# Grocery Store Lamb Prices...



## Slev (Nov 29, 2003)

Next time you're out, take a picture and consider posting it, along with the location, Date, and anything else you find interesting... 

These photo's taken at a local "higher end" grocery store in Illinois, Metro/St Louis, MO Jan. 2011


----------



## sbanks (Dec 19, 2010)

We don't even have lamb in our grocery store here in Oklahoma. Gonna raise my own.


----------



## Slev (Nov 29, 2003)

Well then at least try to find out how much your local prices go for and post that. 
I figure this will help anyone wanting to know the prices of whats out there, across the country...


----------



## MarkNH (Apr 1, 2003)

We tried to get lamb locally - they would have had to order it and it was between 7 and 8 a pound for leg of lamb. Thinking lamb will be first larger animal since we love to it eat and I believe fencing for sheep is easier than that for goats.


----------



## bergere (May 11, 2002)

I looked at some nice lamb chops at a store I buy my food from. $20.00 a pound!


----------



## Our Little Farm (Apr 26, 2010)

Wow! Sure glad we have a couple of our lambs in the freezer! Did not realize the price was so high.


----------



## sbanks (Dec 19, 2010)

and to think you only get a dollar and a half or so per pound when you take them to market.

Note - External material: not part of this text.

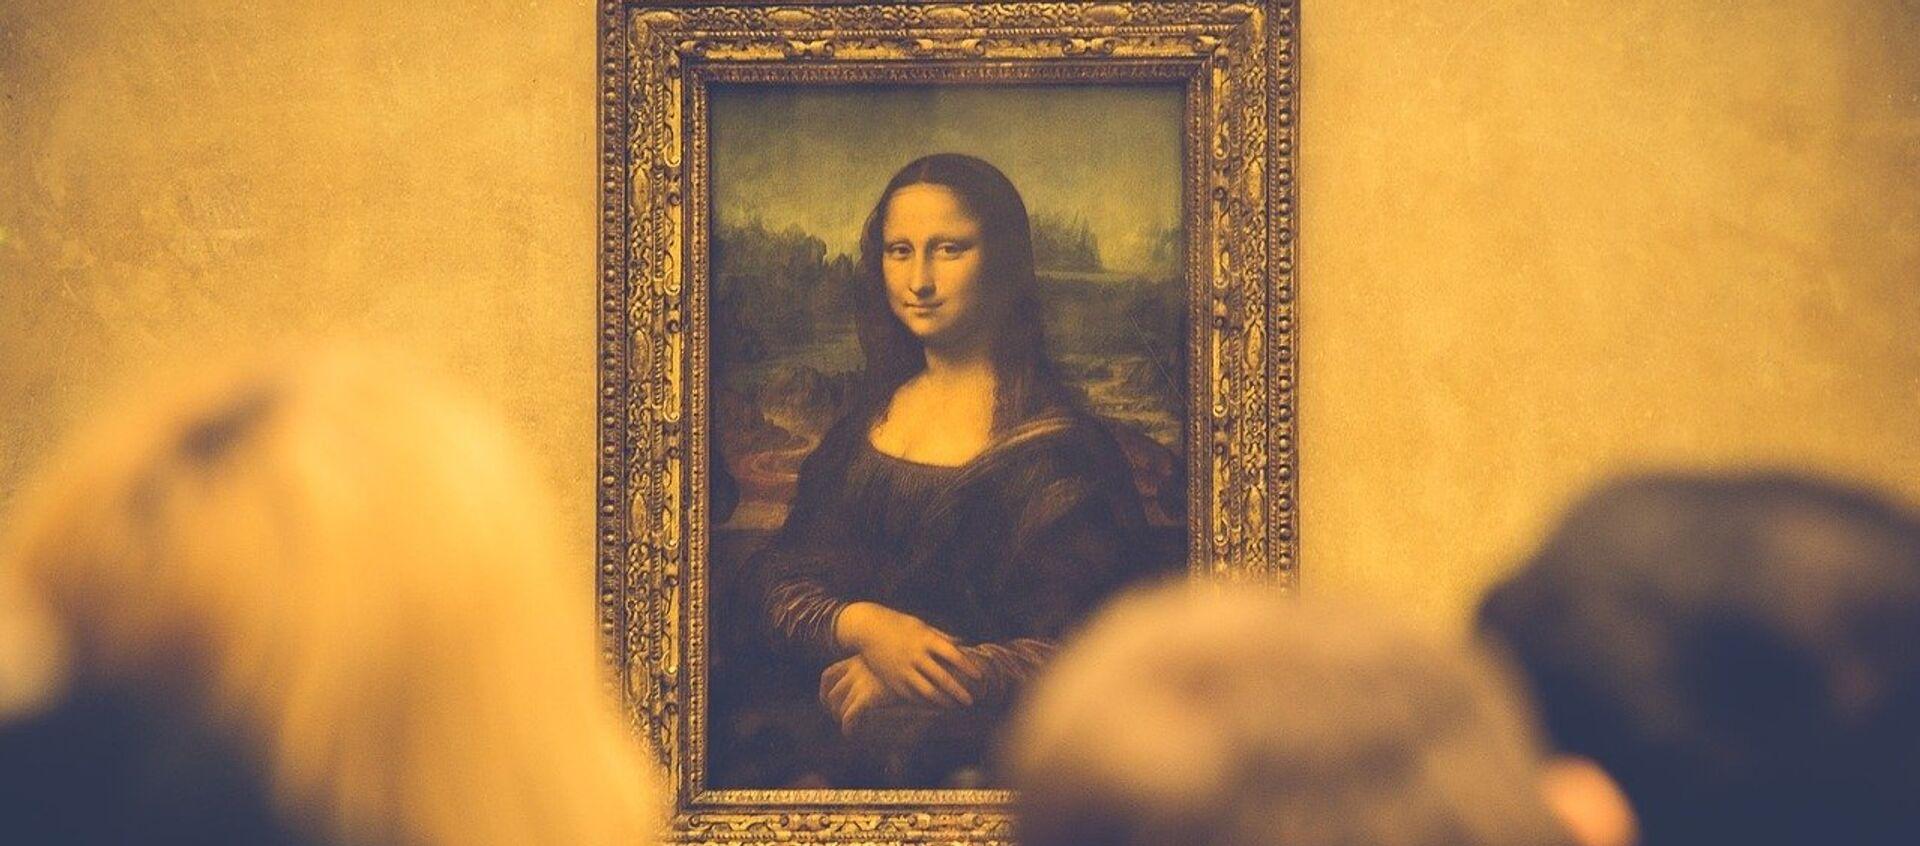 Mona Lisa, el cuadro - Sputnik Mundo, 1920, 20.11.2019

There is a very big markup going on.


----------



## sde219 (May 19, 2010)

sbanks said:


> and to think you only get a dollar and a half or so per pound when you take them to market.
> 
> There is a very big markup going on.


I definitely think a $1.50 live weight is sadly low but if you're going to auction I don't know how you can expect to get any better - it's a game of chance and the random lamb moving across the auction is not going to be treated a premium animal.

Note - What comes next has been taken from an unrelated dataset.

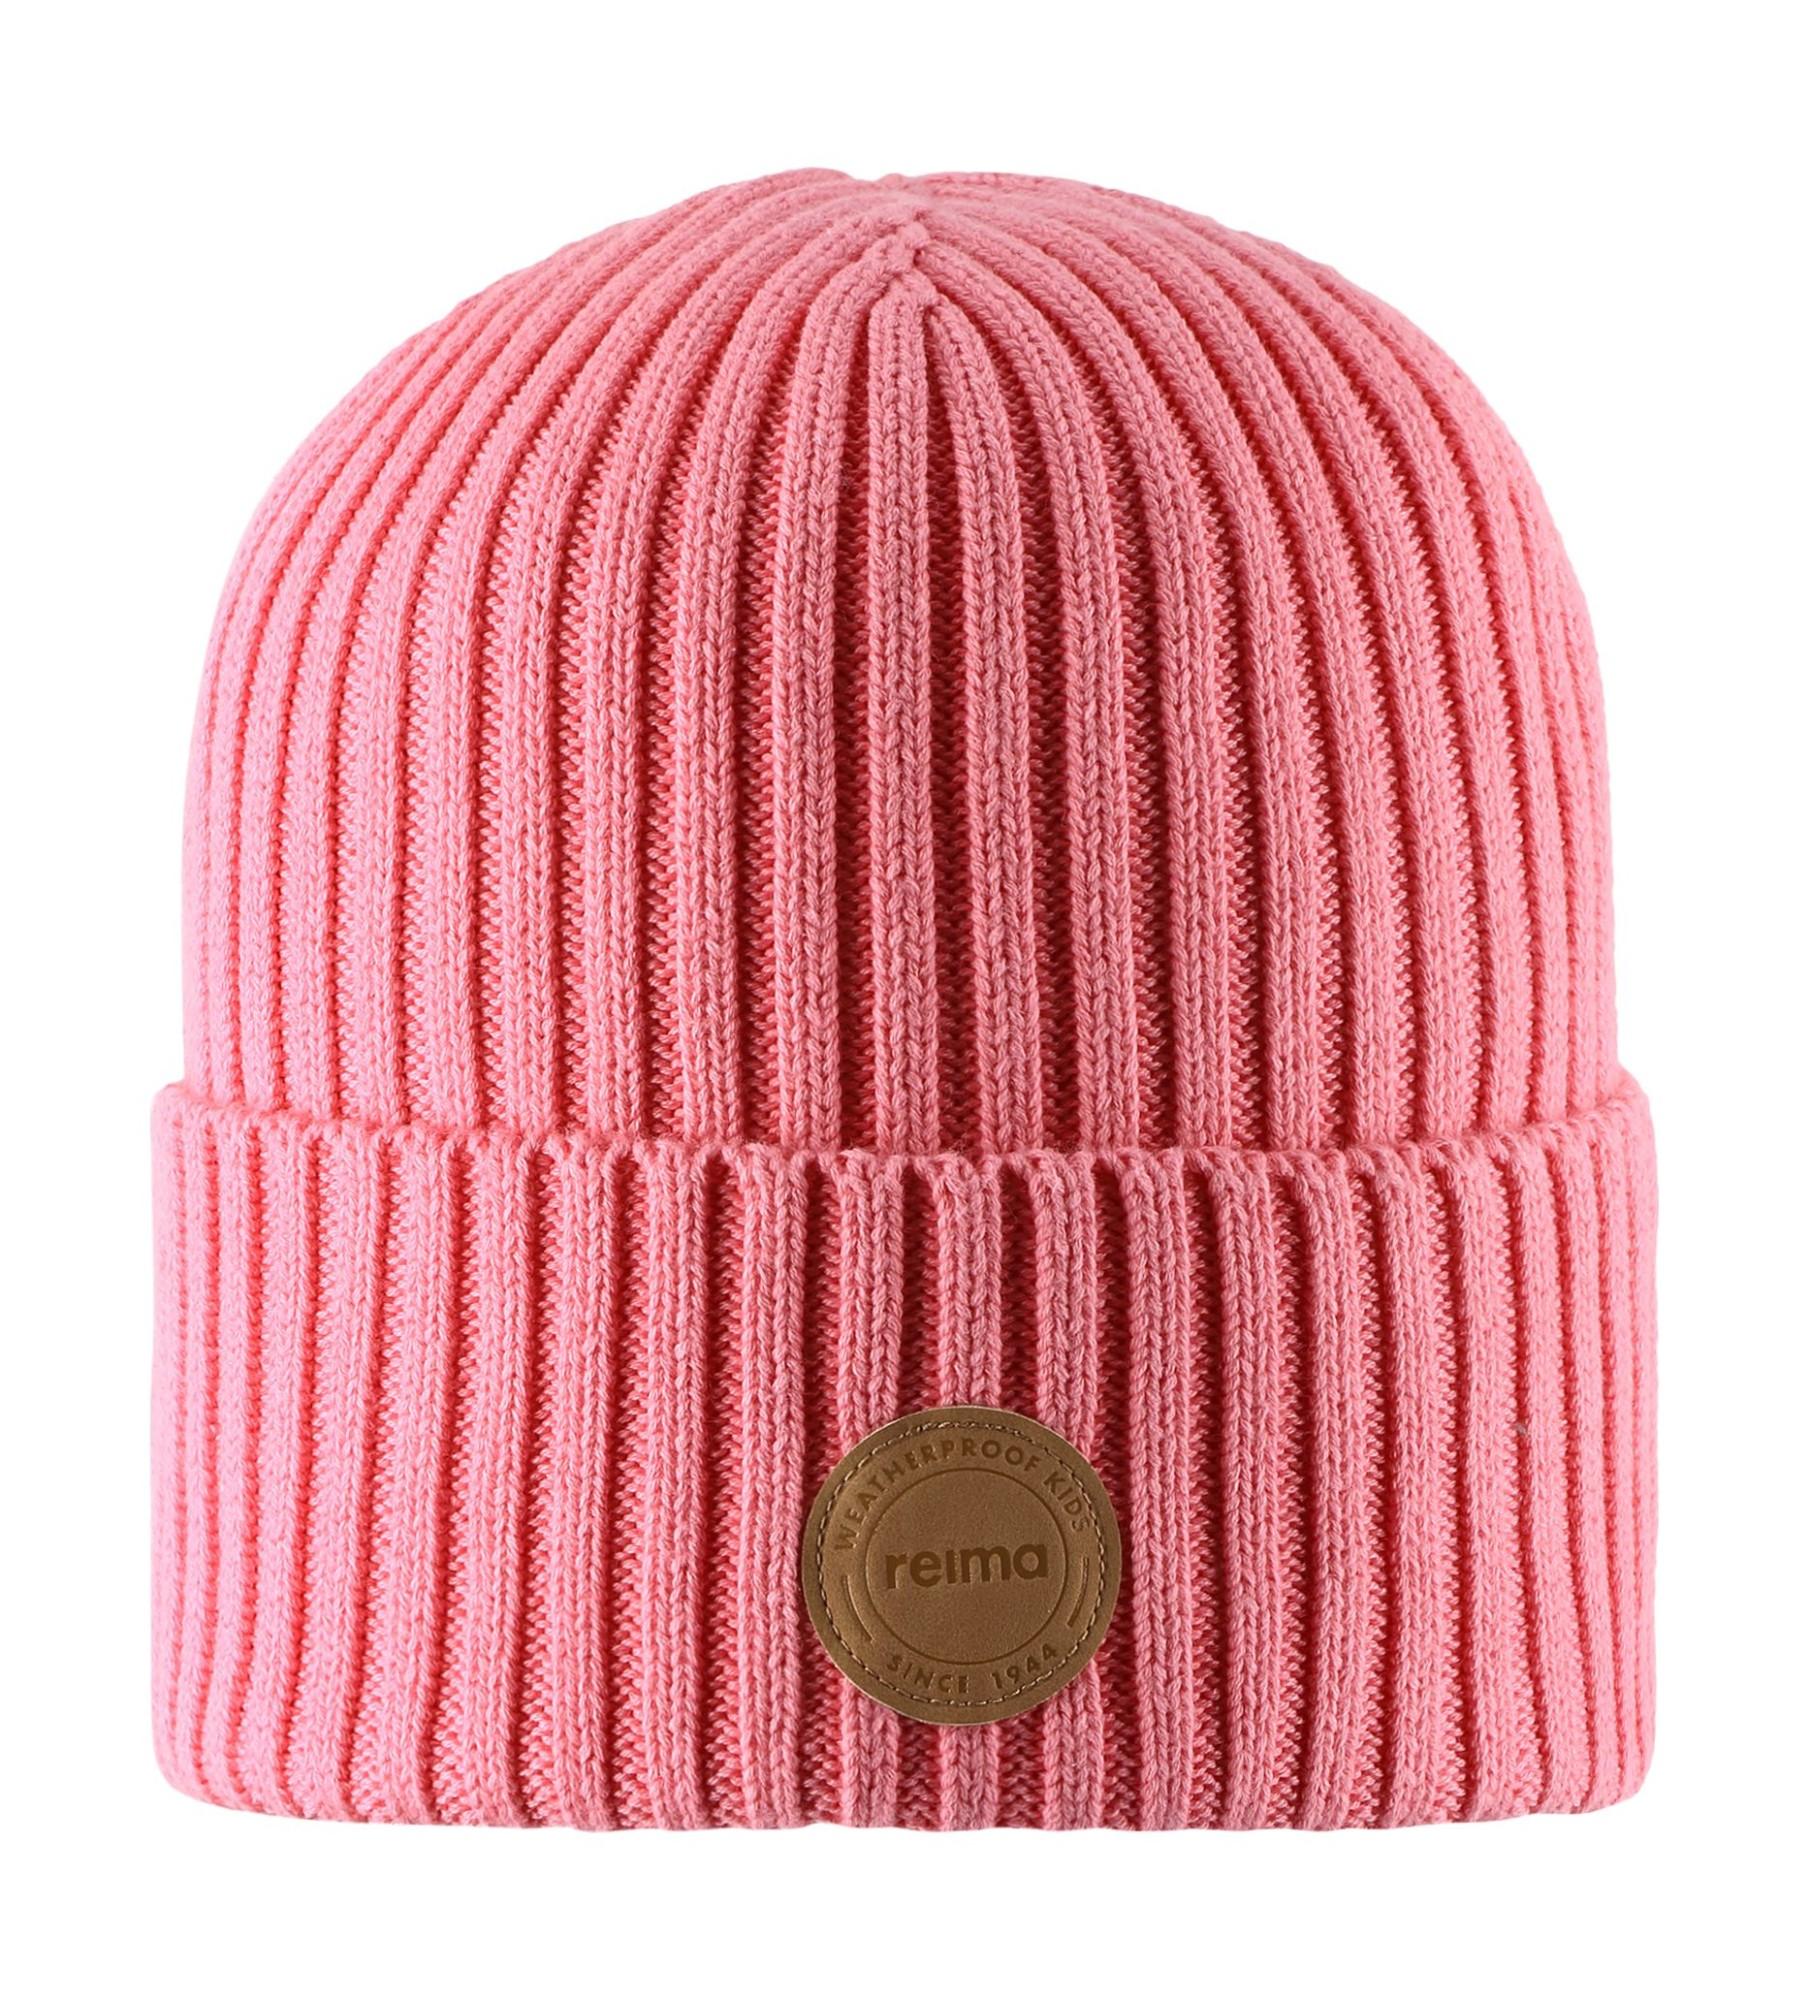 REIMA Hattara Bubblegum Pink 52-54

I've gotta say, I'm not sure 7.99 a lb for a boneless leg of lamb does not seem that bad. And certified organic with truly organic hay/grain would definitely demand that kind of price for me - making the fully certified transition would easily double my costs although I'm not sure it would change my end product.

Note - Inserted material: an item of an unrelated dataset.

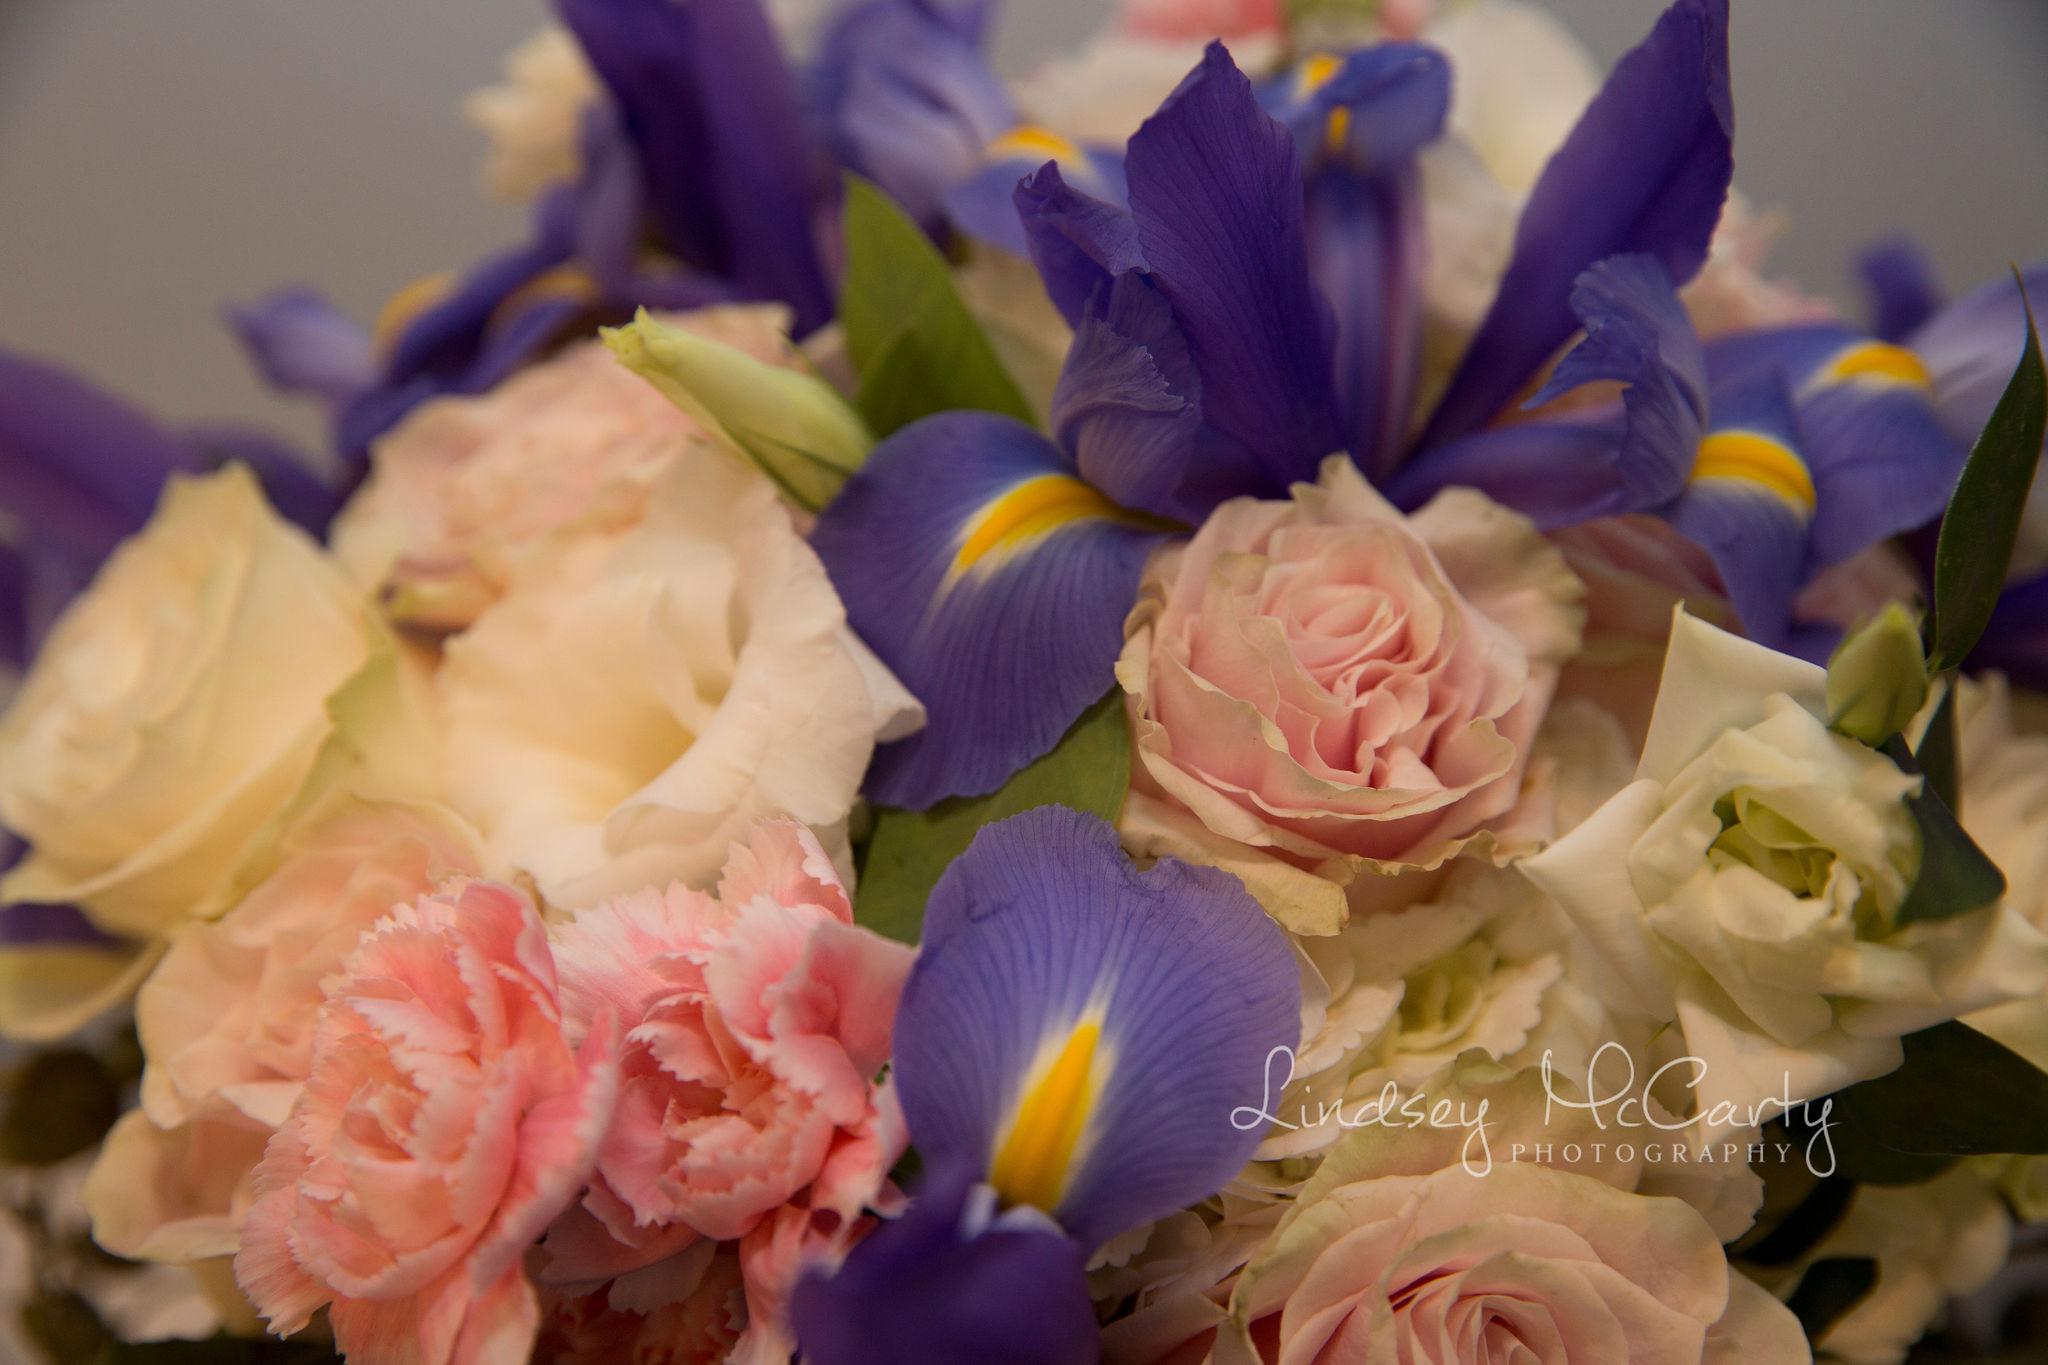 Lindsey McCarty Photography | Roanoke wedding photography | Vinton wedding photography | Virginia wedding photography

IME, Lambs dress out lower than other animals with a higher percentage of organs and bone to meat - I think a lot of resources say 50% but I'll use 55% since that's where my last two ended up. Then of the 55% only about 75% of that remains in typically usable cuts and items. 

$1.50 LW = $2.72 HW = $3.63 cost per lb of the cuts

This figure doesn't include a butcher fee. Lets guess you've got a cheap butcher and a heavy lamb and that'll add $1 a lb to those retail cuts. (My last time it would have added $1.40 per lb. 50lbs of Meat and a $70 fee)

Honestly, at $4.63 per pound to the producer and the butcher. How most cheaper would we expect a boneless leg of lamb to be?

Retails cuts in a grocery store also are likely to have been handled by a distributor and then of course the retailer. Maybe each only adds 15% to the price but that would take it to $6.12 a lb.

I think of the leg a decent cut of meat so when you think about the cost across the whole animal getting a little extra on that 2.59lbs seems well unsurprising. 

I think the problem is that consumers don't understand the real cost or value of the meat they eat. I think everyone here who raises sheep knows that $1.50 live weight means seriously operating on the margins until you're big enough to have some economies of scale that decrease operations expenses or your processing cost.

You've either gotta be happy to operate on those margins or you try to end up cutting out some of the "costs of doing business" between you and consumer and turn those into your profits.

Just my experience and take on it. I'll happily take some photos of lamb in the stores around here.


----------



## Ernie (Jul 22, 2007)

We're seeing $6.99 a pound here in northern Illinois. Not a lot of it available though.

My costs for goat were about $5 a pound and I'm expecting lambs to come in somewhere around the same. The issue is that people compare the price of lamb to the price of feed lot beef. Lamb is much harder to produce and is considered a "specialty meat" by most. When they can get ground hamburger meat from old, worn-out dairy cows at $0.99 a pound, then of course they're going to think $6.99 is outrageous.

However the people who know the difference are willing to pay the difference. If you want to make money in the meat business then my opinion is that you've got to sell something people can't find in their grocery stores easily. That means lamb, goat, rabbit, or duck.


----------



## leon (Dec 24, 2008)

Prices will stay low until there are people willing to sell at low prices. Just look at the diary farmers who got themselves cornered really bad because every time the price went down a whole bunch of them tried to produce more to make it up on the volume.


----------



## Ross (May 9, 2002)

Similar here Slev. Good prices I'm just outa gas to take it up a step.


----------



## leon (Dec 24, 2008)

Sorry, forgot to include the price. $2/lb live weight around here and most farms I know are all sold out and have a waiting list. Any producers in our area with sheep to sell feel free to contact me - I probably can arrange a sale or two for you.


----------